What are the warning signs of angina or a heart attack in women?
You have asked an excellent question. Unfortunately, many women believe that heart disease predominates in men and is less likely a threat to a woman's health than conditions like breast or ovarian cancer. The reality is that approximately 1 in 2 women will die from heart disease or stroke, and during any given year, cardiovascular disease will claim nearly twice as many lives as all forms of cancer combined.
While it is true that cardiovascular disease tends to strike men approximately 5 to 10 years earlier than in women, after menopause, the rate of cardiovascular disease in women accelerates and approaches the rate in men. Women are also at risk for doing worse after suffering a heart attack than men. Part of this may relate to the fact that women are typically older and have more hypertension when heart disease strikes and, thus, less able to withstand such damage to the body.
Other reasons, though, may relate to the fact that women tend to respond slower to symptoms or fail to recognize the symptoms as a heart attack, and present later for heart- and life-saving treatments. Because time to treatment is of the essence when heart attacks strike, delayed presentation significantly reduces the effectiveness of available treatments.
Recognizing your risk for heart disease is an important first step. In addition to age and family history, high blood pressure, high cholesterol, diabetes, smoking, obesity and physical inactivity all increase your risk for heart disease. Fortunately, effective therapies exist for each of these conditions, and taking such therapies when indicated can markedly lower your risk.

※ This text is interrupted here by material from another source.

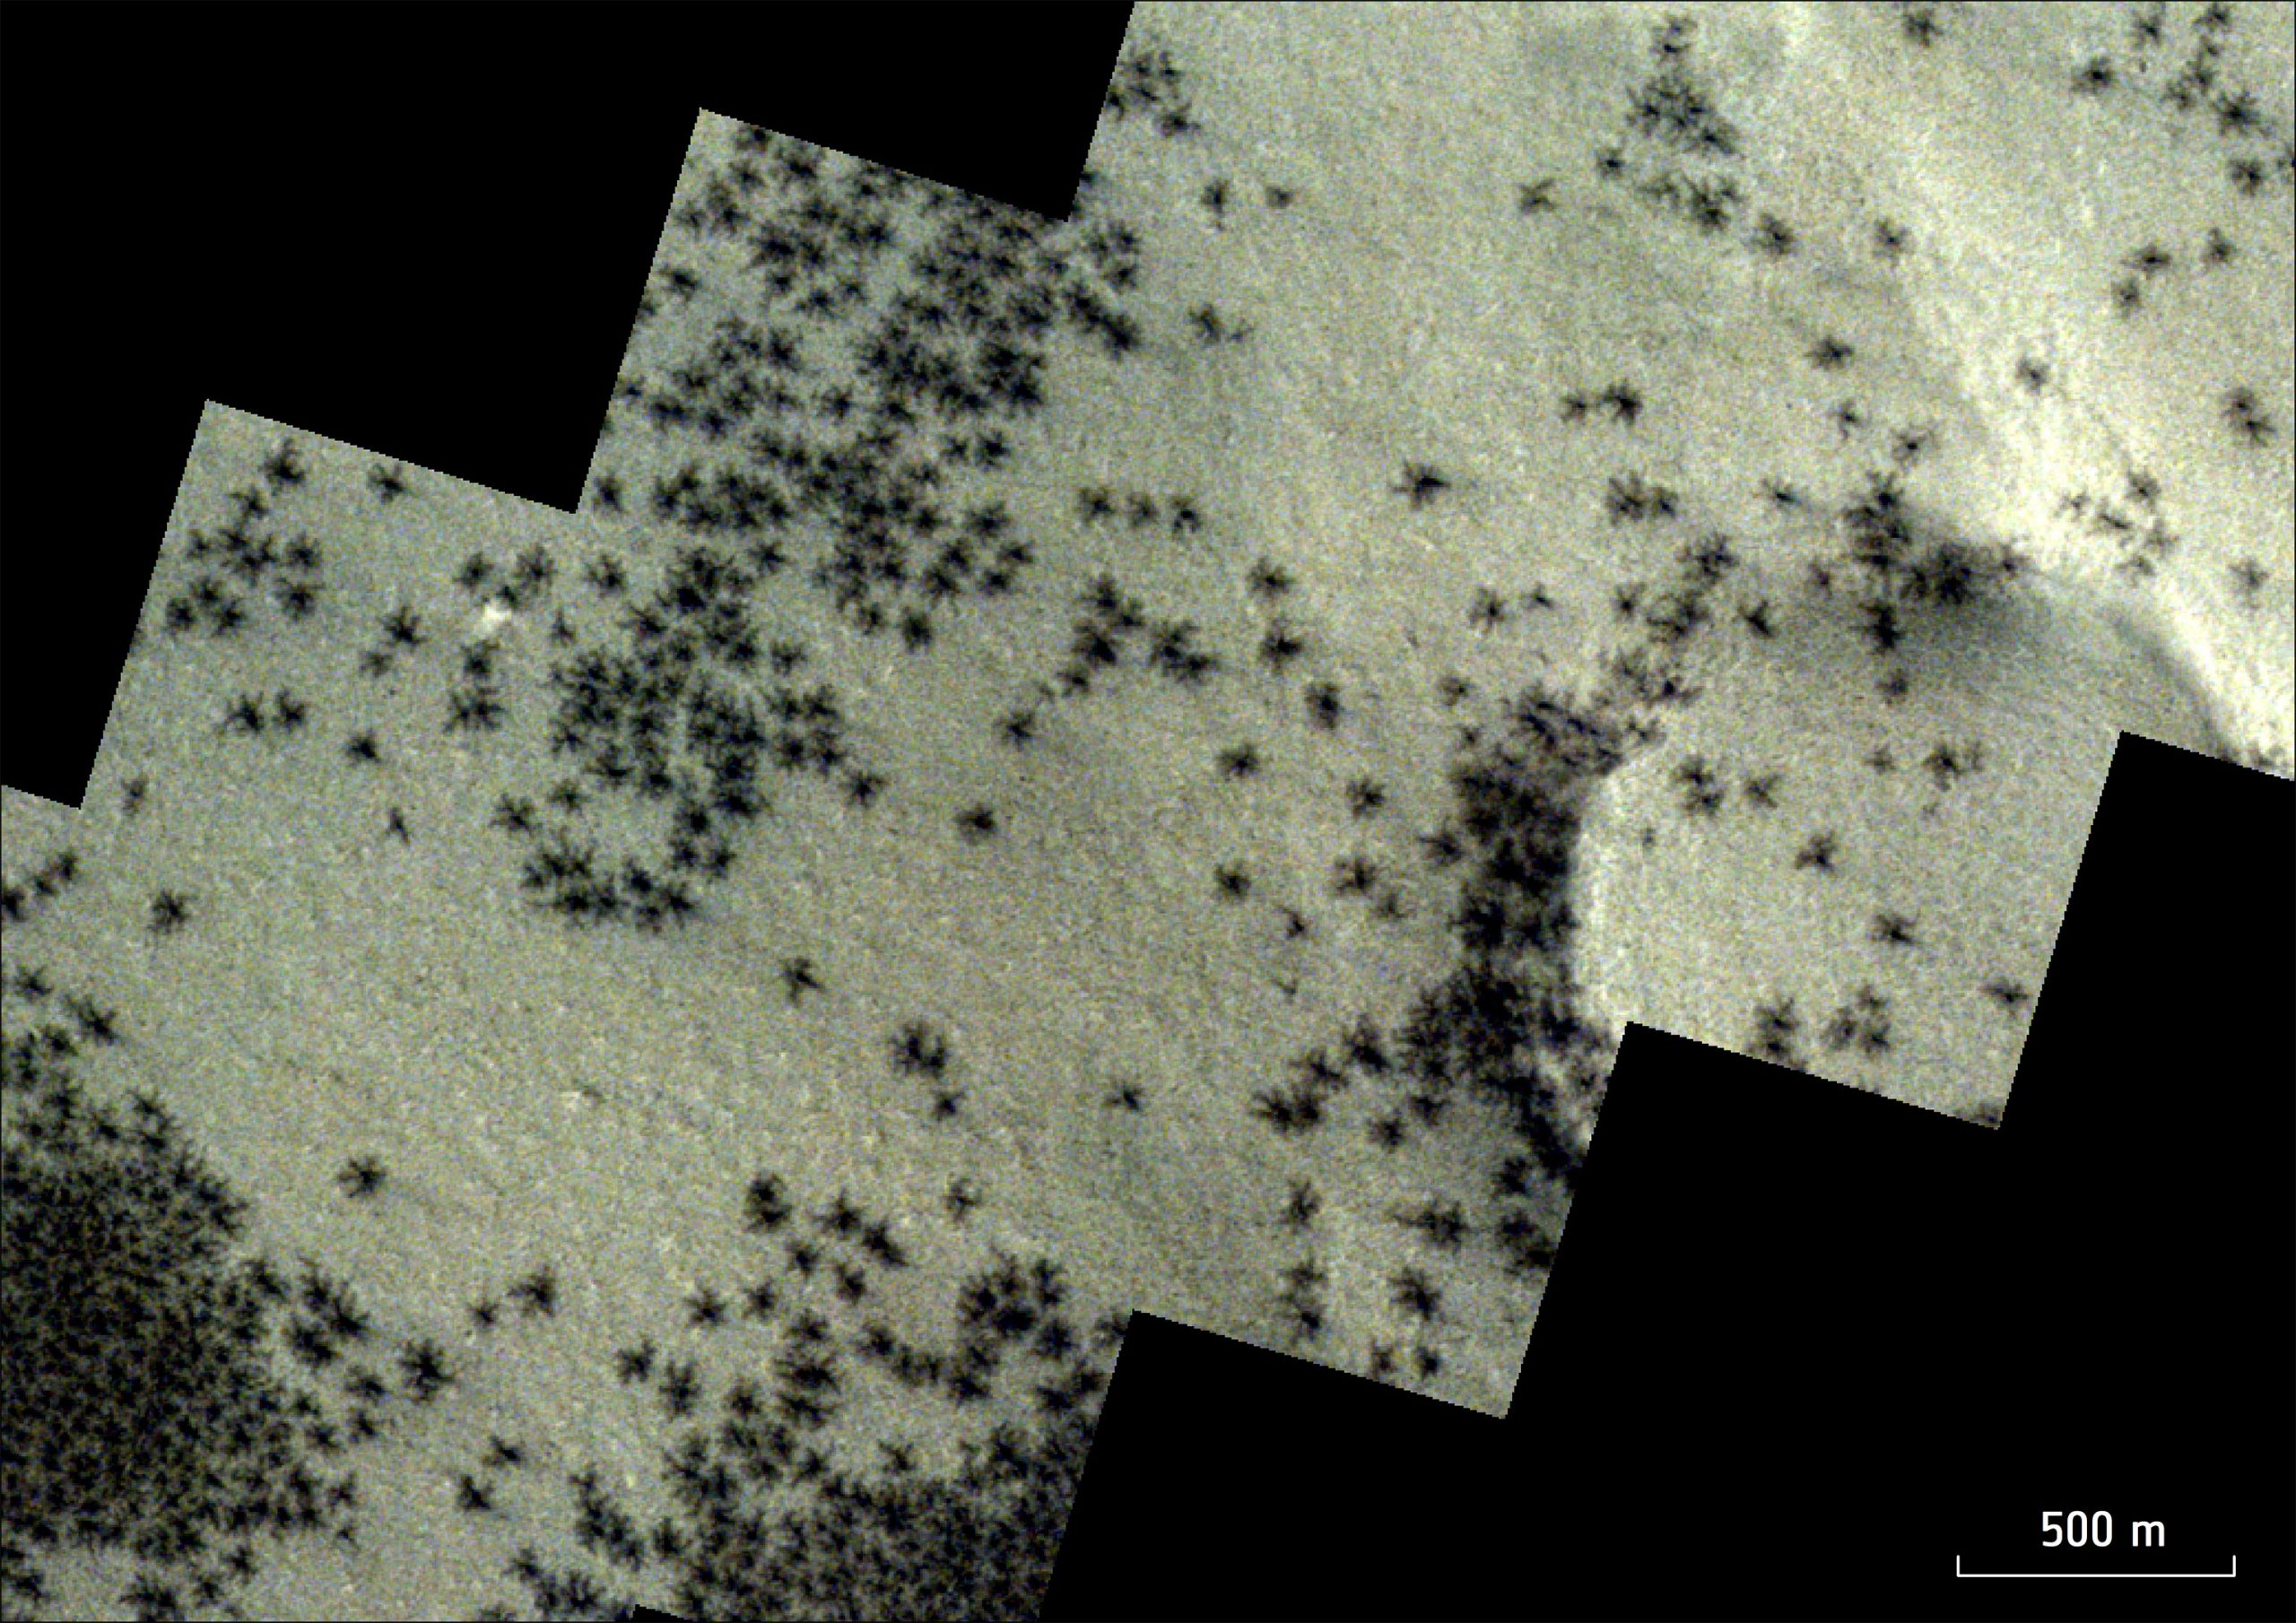 Mars Express discovers mysterious Martian spiders

Symptom recognition is also essential. The typical symptoms of heart attack include chest pressure, tightness, or pain that may or may not radiate to your jaw, shoulders, or down your arms. If you are experiencing a true heart attack, these symptoms can come on at any time of the day or night, and can occur during rest or activity. The important consideration is that these chest sensations usually persist for more than 5 to 10 minutes (chest sensations resolving earlier than this time may be a warning sign not to ignore) and do not resolve with rest. Symptoms commonly associated include shortness of breath, clamminess, sweatiness and a nauseated feeling. Palpitations, light-headedness, profound fatigue, a heartburn-like sensation in the upper portion of your abdomen, confusion or agitation, and even a "heaviness" in your legs may occur.
Heart attacks may also occur in the absence of any of the above symptoms. Even earlier warning signs may be totally absent. Silent heart attacks are more common in older, typically female individuals, and those with diabetes, a history of smoking and prior heart disease. While these heart attacks are considered "silent," in reality, many individuals will complain of new ill-feelings, including shortness of breath, fatigue or nausea that arise over the span of several days.
Learning about the warning signs and ways of prevention of heart attacks is one of the first steps to fighting cardiovascular disease. Listening to your body when something does not feel right is the second. Discussing these issues with your doctor and understanding the ways of prevention will allow you to follow a personally tailored prevention program that maximally reduces your risk for the years to come.